Composers > Inspiration > “Atonality, thank heaven, that’s done for!” - Ottorino Respighi (1879-1936)
by Georg Predota | May 5th, 2016

standard “Atonality, thank heaven, that’s done for!”
Ottorino Respighi (1879-1936)

hqdefaultDuring the Middle Ages, the Italian peninsula was home to a collection of smaller independent city-states and kingdoms. Only in 1861 did Italian nationalists and monarchists create a unified Kingdom of Italy. Characterized by severe economic hardship, particularly found in the agricultural southern region, this political unification saw mass emigrations that forced Italians to settle in different parts of the world.
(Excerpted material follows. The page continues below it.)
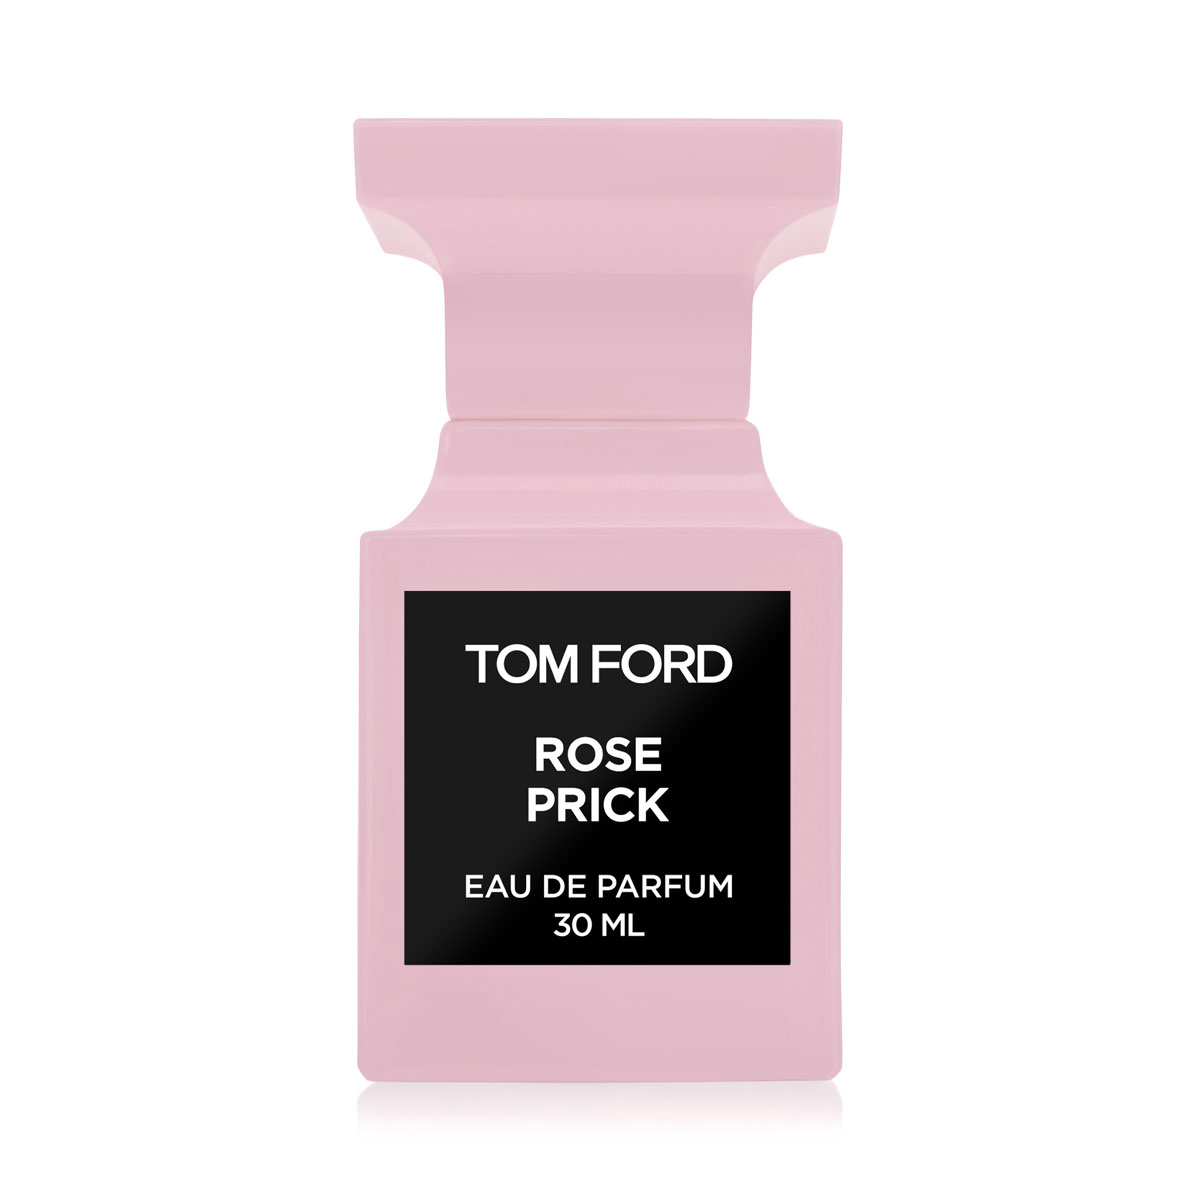 Tom Ford Rose Prick Eau de Parfum 30ml - Feelunique Exclusive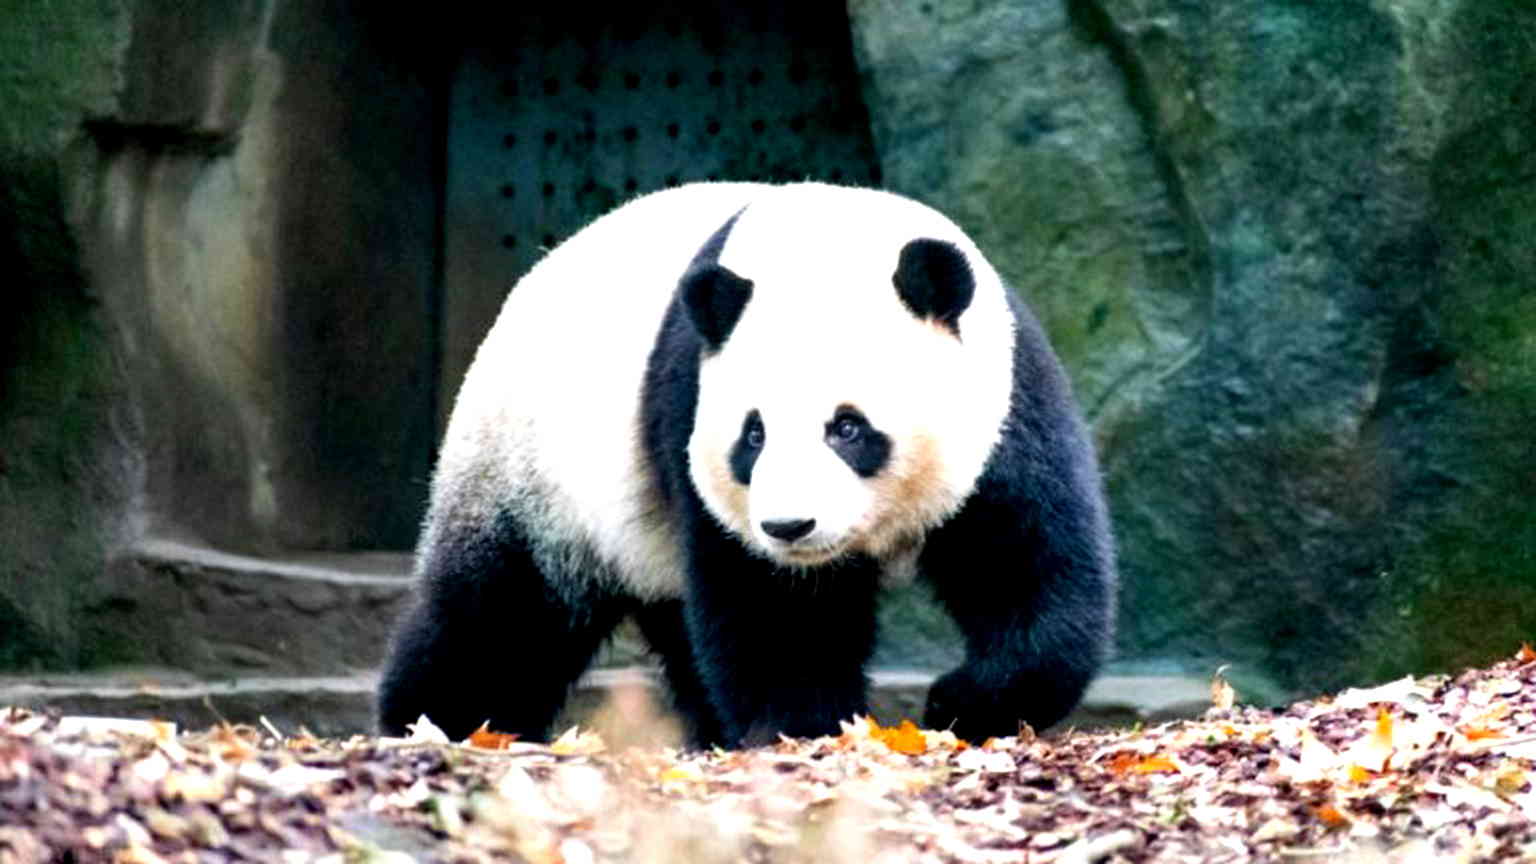 China to send 2 giant pandas to San Diego Zoo this year

The political instability and turbulence experienced during and after World War 1, forced Italians once more to scrutinize and examine the foundations of their national identity.

For Ottorino Respighi (1879-1936) this identity was securely situated in the artistic expressions of the Italian Renaissance and Baroque. His historicist interest in the music of the past emerged not only in critical editions of the music of Claudio Monteverdi and Antonio Vivaldi, but also manifested itself in his own compositions. In all, Respighi orchestrated and published three collections of lute, guitar and viol music from Italy’s historical past, aptly entitled Ancient Airs and Dances.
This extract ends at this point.